Work item — Within the material below, transcribe exactly the lines from the one holding "Die handgehämmerten asiatischen" through the one holding "Kids slideshow pack by wondershare filmora", keeping both ends and skipping the rest.

▼

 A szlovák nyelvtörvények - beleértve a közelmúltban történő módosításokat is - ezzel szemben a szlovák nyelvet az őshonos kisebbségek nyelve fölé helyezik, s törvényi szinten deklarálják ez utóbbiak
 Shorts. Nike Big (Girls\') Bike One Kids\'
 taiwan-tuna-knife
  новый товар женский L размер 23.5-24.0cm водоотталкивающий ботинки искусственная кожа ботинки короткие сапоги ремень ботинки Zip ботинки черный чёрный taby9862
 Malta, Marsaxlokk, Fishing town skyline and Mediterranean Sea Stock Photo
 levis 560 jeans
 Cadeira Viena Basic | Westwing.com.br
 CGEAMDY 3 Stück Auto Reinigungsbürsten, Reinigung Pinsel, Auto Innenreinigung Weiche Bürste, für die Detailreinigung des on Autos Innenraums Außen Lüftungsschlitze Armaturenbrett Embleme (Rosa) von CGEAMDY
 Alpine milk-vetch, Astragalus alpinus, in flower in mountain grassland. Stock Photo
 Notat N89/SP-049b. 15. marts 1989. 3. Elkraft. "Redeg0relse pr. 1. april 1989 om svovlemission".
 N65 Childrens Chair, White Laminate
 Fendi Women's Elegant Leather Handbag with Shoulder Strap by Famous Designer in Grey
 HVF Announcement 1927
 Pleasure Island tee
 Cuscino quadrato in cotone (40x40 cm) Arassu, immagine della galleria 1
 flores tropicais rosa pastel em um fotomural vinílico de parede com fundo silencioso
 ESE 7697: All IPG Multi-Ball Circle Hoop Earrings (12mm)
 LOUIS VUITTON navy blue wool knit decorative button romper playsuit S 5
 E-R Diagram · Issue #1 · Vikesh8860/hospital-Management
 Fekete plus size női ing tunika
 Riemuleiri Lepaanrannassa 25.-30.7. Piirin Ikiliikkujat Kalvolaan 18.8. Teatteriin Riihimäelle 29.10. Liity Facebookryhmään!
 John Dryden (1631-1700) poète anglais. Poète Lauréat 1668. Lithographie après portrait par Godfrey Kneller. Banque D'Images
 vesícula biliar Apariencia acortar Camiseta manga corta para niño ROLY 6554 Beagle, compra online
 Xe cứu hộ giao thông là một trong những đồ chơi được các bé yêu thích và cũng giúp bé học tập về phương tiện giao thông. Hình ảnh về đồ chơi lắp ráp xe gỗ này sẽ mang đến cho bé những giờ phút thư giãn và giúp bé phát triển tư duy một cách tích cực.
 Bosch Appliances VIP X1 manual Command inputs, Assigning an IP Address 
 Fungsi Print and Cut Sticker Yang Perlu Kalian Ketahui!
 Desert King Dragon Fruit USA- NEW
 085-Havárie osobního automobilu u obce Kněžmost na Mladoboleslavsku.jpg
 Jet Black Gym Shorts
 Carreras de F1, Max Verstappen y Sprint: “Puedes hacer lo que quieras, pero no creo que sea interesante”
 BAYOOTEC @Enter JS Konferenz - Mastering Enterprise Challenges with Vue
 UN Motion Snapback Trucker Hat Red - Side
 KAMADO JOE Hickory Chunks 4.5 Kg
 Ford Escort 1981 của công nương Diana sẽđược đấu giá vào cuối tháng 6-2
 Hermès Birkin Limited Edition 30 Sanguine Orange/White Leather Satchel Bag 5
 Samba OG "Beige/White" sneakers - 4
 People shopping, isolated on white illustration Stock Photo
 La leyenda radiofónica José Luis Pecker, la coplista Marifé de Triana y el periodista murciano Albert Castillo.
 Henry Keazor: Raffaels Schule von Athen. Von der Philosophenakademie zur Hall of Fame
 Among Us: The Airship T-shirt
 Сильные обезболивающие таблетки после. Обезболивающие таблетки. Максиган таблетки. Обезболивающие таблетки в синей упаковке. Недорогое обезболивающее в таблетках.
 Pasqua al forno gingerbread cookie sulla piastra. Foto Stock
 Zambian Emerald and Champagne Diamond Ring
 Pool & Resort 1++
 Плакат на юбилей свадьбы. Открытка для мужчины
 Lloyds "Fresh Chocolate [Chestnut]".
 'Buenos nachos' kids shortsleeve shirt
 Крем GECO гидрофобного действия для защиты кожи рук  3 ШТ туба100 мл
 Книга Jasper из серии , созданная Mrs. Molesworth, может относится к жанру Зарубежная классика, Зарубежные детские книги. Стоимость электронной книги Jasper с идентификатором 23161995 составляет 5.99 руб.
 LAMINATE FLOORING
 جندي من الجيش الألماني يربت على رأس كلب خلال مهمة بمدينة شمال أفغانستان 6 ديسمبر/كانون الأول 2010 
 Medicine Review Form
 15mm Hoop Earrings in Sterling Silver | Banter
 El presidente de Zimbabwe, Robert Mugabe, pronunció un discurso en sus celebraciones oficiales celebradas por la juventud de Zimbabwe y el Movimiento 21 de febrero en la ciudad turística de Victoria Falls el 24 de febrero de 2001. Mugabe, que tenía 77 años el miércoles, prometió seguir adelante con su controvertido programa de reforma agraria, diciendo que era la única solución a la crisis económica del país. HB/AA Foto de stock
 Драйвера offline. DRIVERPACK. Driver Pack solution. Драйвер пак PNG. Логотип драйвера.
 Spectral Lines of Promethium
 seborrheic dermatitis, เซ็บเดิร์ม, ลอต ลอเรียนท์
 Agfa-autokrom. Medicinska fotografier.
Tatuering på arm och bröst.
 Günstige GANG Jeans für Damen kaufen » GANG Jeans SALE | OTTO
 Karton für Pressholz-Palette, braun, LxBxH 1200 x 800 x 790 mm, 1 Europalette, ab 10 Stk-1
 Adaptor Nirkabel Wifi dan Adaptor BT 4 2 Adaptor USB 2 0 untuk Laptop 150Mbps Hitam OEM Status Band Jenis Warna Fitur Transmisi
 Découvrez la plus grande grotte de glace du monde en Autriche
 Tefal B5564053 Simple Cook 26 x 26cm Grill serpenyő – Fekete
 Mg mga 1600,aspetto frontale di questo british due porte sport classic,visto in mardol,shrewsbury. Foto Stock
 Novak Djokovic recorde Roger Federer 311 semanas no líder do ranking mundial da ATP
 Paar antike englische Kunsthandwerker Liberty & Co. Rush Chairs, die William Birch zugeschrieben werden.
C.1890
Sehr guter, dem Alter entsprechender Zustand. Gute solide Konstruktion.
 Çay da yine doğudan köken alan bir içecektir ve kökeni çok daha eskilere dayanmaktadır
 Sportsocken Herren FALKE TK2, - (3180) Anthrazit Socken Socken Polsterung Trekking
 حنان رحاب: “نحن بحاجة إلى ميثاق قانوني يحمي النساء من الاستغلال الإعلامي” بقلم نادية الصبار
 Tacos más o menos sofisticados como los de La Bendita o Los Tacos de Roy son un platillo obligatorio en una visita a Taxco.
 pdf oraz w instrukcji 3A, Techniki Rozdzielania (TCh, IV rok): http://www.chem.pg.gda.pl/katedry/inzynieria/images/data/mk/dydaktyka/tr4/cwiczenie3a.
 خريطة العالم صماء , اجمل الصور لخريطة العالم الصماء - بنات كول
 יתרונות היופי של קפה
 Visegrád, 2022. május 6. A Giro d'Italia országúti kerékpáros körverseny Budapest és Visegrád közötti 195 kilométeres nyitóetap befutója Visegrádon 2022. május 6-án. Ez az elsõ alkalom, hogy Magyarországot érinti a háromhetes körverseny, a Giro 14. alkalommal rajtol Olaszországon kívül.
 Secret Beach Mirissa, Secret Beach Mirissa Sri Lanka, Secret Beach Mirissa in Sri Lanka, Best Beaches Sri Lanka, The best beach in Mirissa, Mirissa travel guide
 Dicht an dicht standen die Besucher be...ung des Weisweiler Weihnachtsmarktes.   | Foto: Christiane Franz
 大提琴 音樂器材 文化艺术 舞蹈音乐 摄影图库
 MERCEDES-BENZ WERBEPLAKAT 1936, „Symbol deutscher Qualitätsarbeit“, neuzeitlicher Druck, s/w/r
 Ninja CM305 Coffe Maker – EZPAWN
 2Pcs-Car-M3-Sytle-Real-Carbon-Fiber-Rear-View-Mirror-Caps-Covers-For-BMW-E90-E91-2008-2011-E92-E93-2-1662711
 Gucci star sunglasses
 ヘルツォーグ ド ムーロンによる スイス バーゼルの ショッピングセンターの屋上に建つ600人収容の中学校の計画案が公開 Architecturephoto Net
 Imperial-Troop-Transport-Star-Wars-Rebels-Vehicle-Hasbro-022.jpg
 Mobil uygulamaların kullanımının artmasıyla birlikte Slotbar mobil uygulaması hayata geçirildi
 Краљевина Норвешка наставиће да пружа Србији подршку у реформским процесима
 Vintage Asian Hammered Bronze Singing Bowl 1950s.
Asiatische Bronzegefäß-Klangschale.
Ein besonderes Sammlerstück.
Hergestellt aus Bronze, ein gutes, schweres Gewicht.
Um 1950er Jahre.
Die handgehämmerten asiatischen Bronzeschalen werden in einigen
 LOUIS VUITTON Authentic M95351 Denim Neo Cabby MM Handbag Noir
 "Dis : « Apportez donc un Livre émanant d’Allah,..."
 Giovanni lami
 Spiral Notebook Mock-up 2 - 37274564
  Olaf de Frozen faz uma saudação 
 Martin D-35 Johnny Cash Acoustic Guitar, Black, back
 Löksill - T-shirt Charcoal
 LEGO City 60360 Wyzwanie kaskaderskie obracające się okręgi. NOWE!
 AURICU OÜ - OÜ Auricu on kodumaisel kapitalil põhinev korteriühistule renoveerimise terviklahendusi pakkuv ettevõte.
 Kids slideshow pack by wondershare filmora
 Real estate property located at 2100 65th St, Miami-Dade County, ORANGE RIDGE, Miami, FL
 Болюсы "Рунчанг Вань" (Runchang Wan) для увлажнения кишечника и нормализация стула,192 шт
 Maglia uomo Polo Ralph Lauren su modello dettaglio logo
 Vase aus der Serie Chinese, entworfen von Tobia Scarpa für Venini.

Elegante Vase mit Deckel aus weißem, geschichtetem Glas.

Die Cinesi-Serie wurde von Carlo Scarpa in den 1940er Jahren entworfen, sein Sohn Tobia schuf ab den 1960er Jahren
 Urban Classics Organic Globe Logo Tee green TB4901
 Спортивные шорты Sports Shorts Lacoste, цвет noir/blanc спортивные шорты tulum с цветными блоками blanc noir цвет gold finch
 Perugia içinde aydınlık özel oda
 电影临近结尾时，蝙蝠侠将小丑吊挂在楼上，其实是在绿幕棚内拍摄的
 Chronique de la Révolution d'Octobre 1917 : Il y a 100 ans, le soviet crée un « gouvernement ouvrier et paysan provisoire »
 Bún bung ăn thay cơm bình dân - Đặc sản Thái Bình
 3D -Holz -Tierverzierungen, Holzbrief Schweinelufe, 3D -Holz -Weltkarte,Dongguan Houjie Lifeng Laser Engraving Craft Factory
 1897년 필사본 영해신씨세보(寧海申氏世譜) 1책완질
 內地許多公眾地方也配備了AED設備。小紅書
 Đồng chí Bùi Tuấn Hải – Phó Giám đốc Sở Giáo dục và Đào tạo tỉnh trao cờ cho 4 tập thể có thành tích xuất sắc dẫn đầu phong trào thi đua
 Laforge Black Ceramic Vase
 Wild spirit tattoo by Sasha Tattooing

▲

Output of the task —
Die handgehämmerten asiatischen Bronzeschalen werden in einigen
 LOUIS VUITTON Authentic M95351 Denim Neo Cabby MM Handbag Noir
 "Dis : « Apportez donc un Livre émanant d’Allah,..."
 Giovanni lami
 Spiral Notebook Mock-up 2 - 37274564
  Olaf de Frozen faz uma saudação 
 Martin D-35 Johnny Cash Acoustic Guitar, Black, back
 Löksill - T-shirt Charcoal
 LEGO City 60360 Wyzwanie kaskaderskie obracające się okręgi. NOWE!
 AURICU OÜ - OÜ Auricu on kodumaisel kapitalil põhinev korteriühistule renoveerimise terviklahendusi pakkuv ettevõte.
 Kids slideshow pack by wondershare filmora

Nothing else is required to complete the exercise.